Solar Power Prospector Tool. This interactive mapping tool allows you to examine, distribute, and analyze solar resource data for the United States and northern Mexico. It assists in making decisions about optimal locations for CSP plants. You can explore temporal and spatial aspects of NREL's solar resource data and can download the resource data for use outside of the tool - for example, in the Solar Advisor Model.

SolTRACE has been used to model hardware installed at NREL's High-Flux Solar Furnace. This particular model used a single tracking heliostat element, 25 primary concentrator elements, and a single secondary concentrator element. 

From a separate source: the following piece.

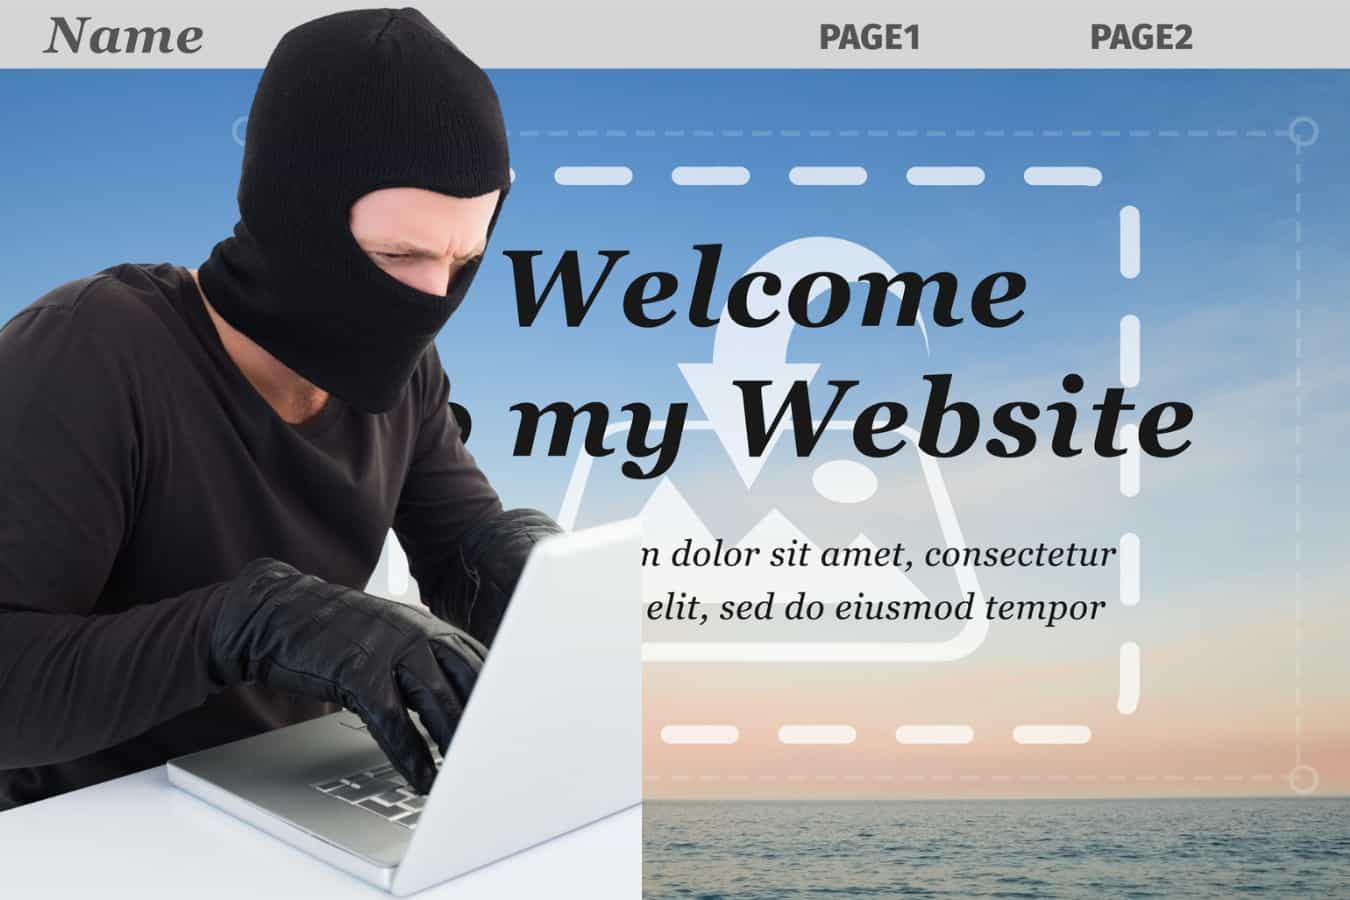 selling your website is dangerous

Optical Analysis and Modeling. NREL developed SolTrace - a ray tracing model - to model solar power optical systems and analyze their performance. The model can be used to develop new, complex solar optical designs that previously couldn't be modeled. SolTrace can model parabolic trough concentrators as well as dishes, towers or other unique geometries (linear power towers, solar furnaces, etc.). In addition, it can model any number of stages containing any number of different elements. It features an extensive variety of available shapes and contours. The software rapidly displays and saves data as scatter plots, flux maps, and performance graphs. It also can model optical geometries as a series of stages composed of optical elements that possess attributes including shape, contour, and optical quality.

Advanced Coatings Modeling and Analysis. Our experimental work in modeling and analyzing high-temperature solar selective coatings focuses on: depositing the modeled coatings; obtaining data to validate predictions and estimates; reoptimizing the coating to meet the desired specifications. We employ Essential Macleod software to design and analyze optical thin films. It enables a user to: synthesize designs or refine existing ones; investigate errors; extract optical constants of film materials for use in optical coating design. The software also can evaluate many optical thin films - including WDM and DWDM filters - and handle a wide range of performance parameters from ultrafast to color. This image, developed using Computational Fluid Dynamic software, shows airflow over a multifaceted heliostat design. Computational Fluid Dynamics (CFD). We use Computational Fluid Dynamic (CFD) software to model flow and heat transfer applicable to the design of components for solar applications. FLUENT - an unstructured, finite volume-based solver - is a world-leading CFD code for a wide range of flow modeling applications. We have used CFD to model the following: cooling for concentrating photovoltaic modules; heat transfer in pin-fin and recuperator assemblies for hybrid heat pipe designs; temperature profiles in thermocline storage tanks; wind loads on concentrator structures.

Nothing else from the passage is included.